→ Exercise directions: For the listing that follows, give again exactly the lines from the one with "AWM - MB Actros" to the one with "Drei bemalte Eier", including both.

→ Extracted records:
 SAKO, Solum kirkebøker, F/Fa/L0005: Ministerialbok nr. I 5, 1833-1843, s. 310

==

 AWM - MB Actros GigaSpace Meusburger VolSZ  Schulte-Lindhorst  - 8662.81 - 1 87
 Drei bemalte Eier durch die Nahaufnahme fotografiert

* * *

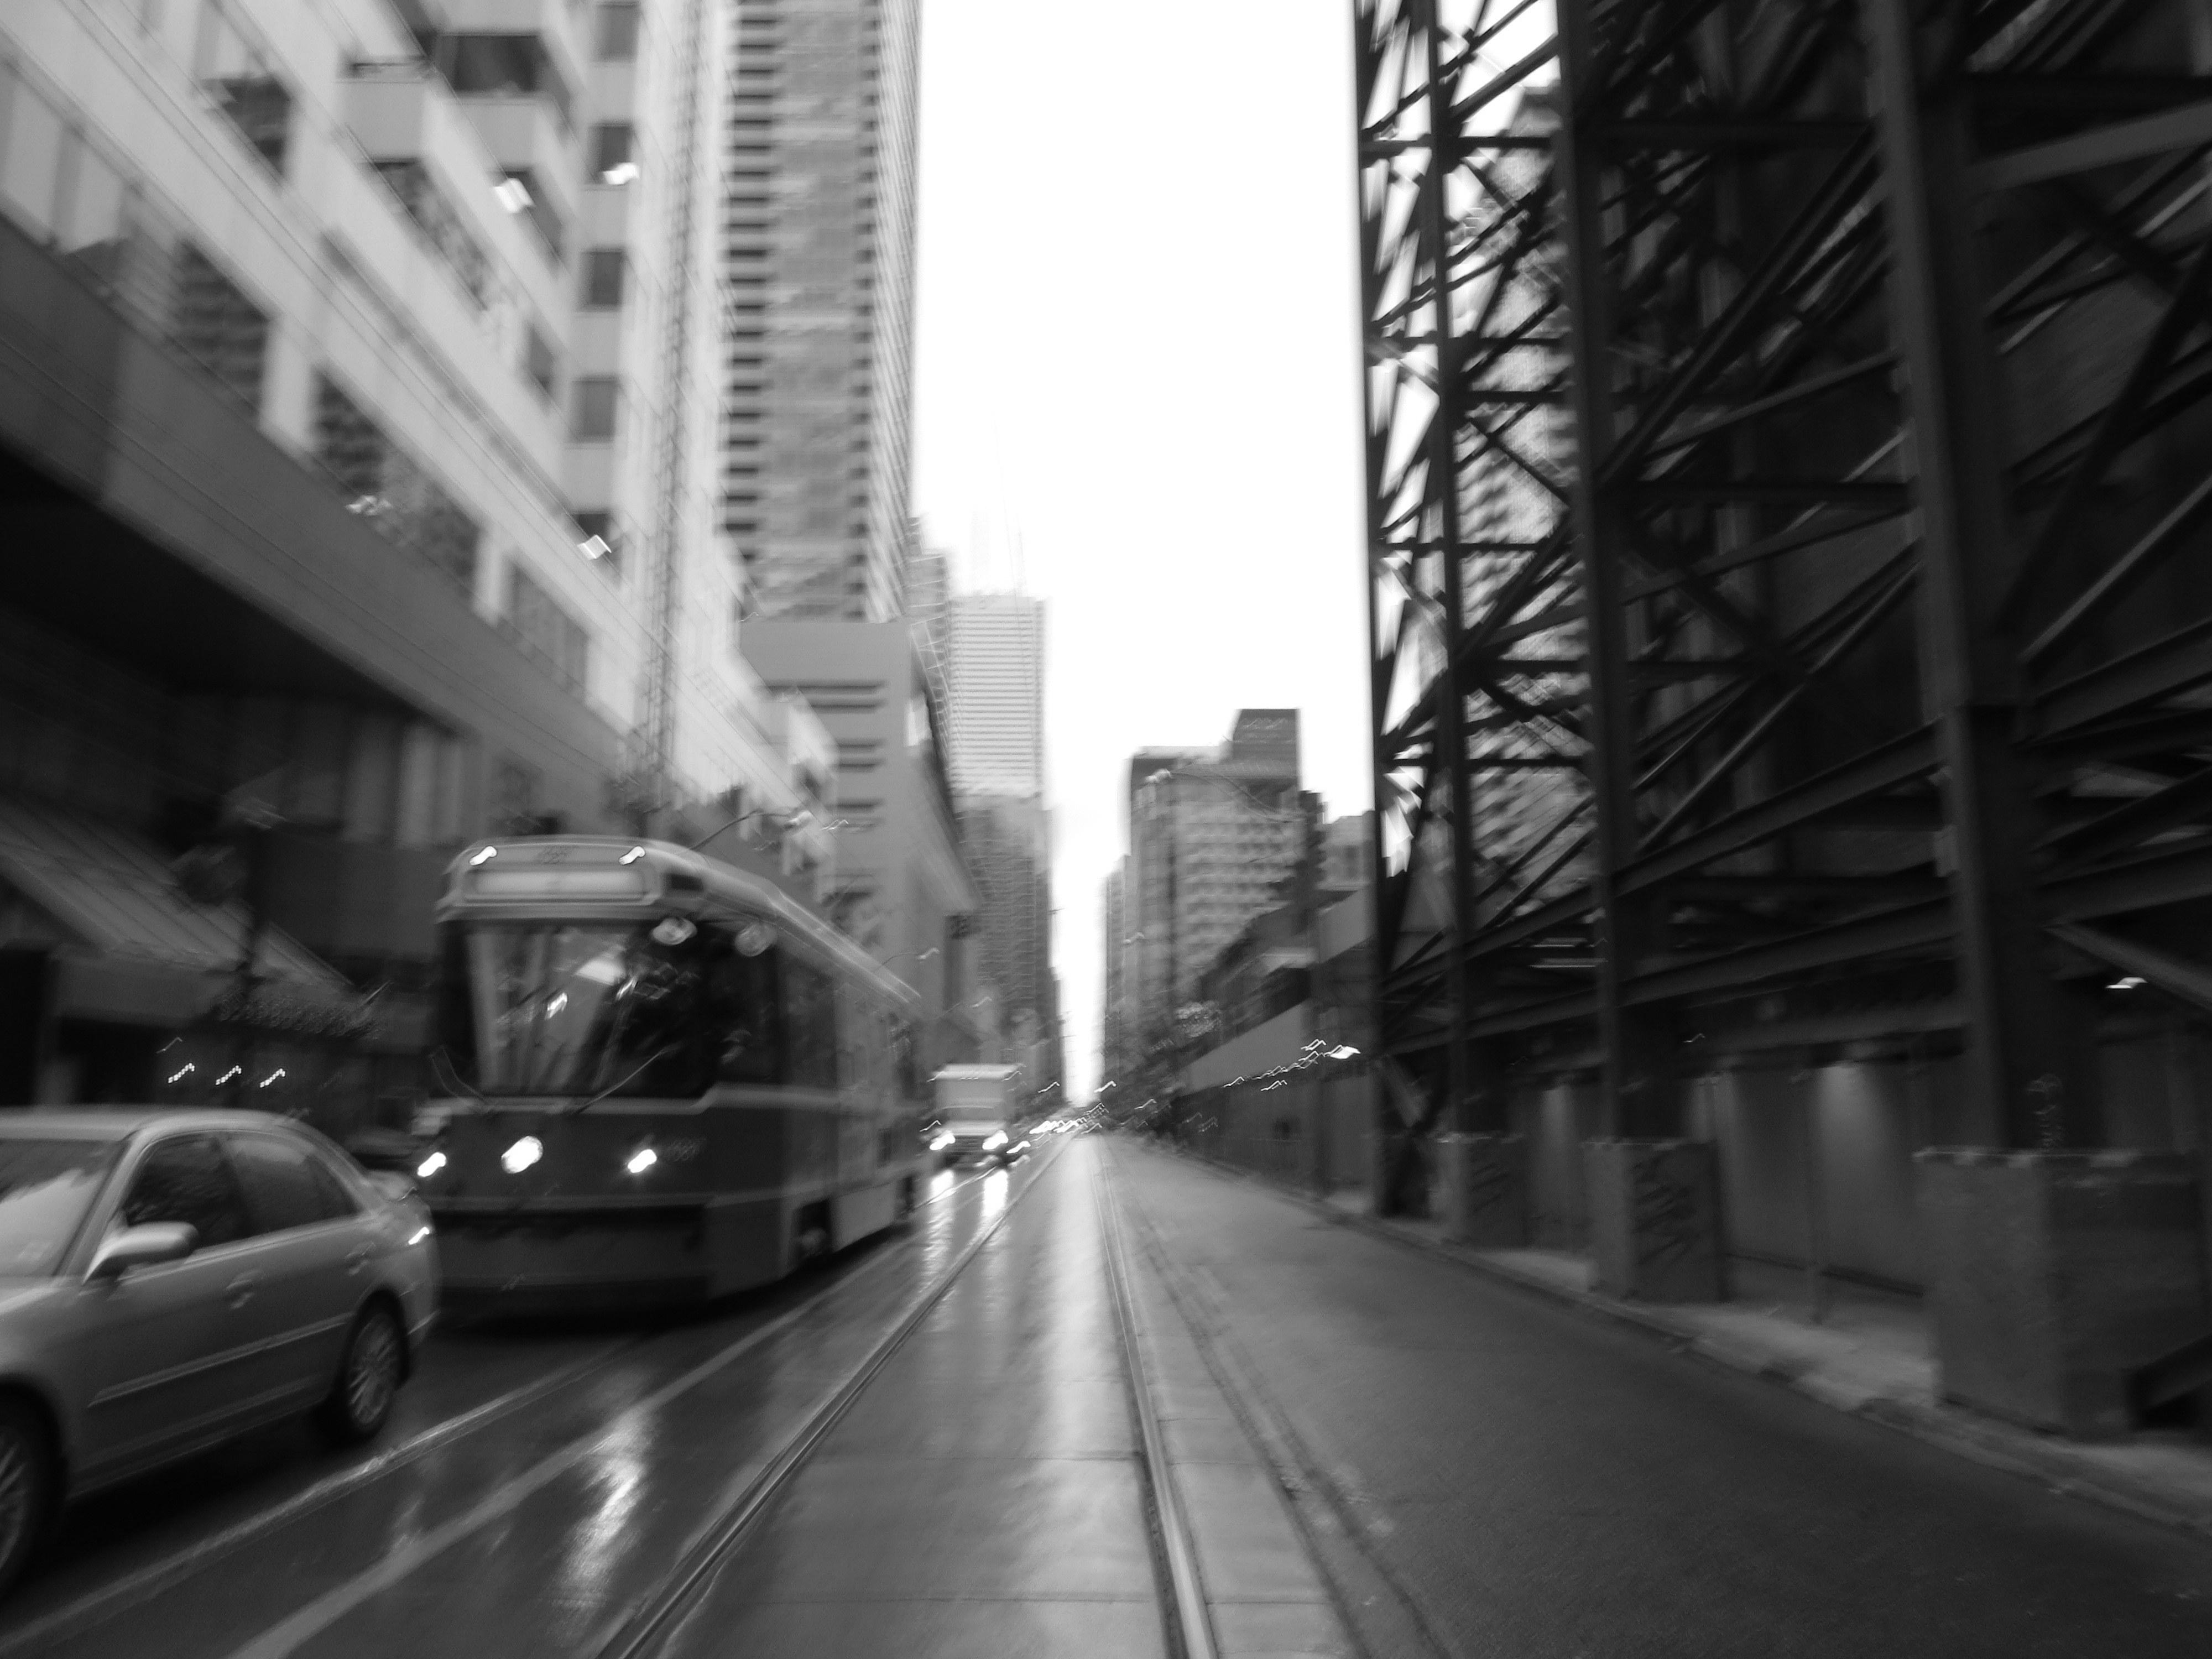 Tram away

→ Result:
 AWM - MB Actros GigaSpace Meusburger VolSZ  Schulte-Lindhorst  - 8662.81 - 1 87
 Drei bemalte Eier durch die Nahaufnahme fotografiert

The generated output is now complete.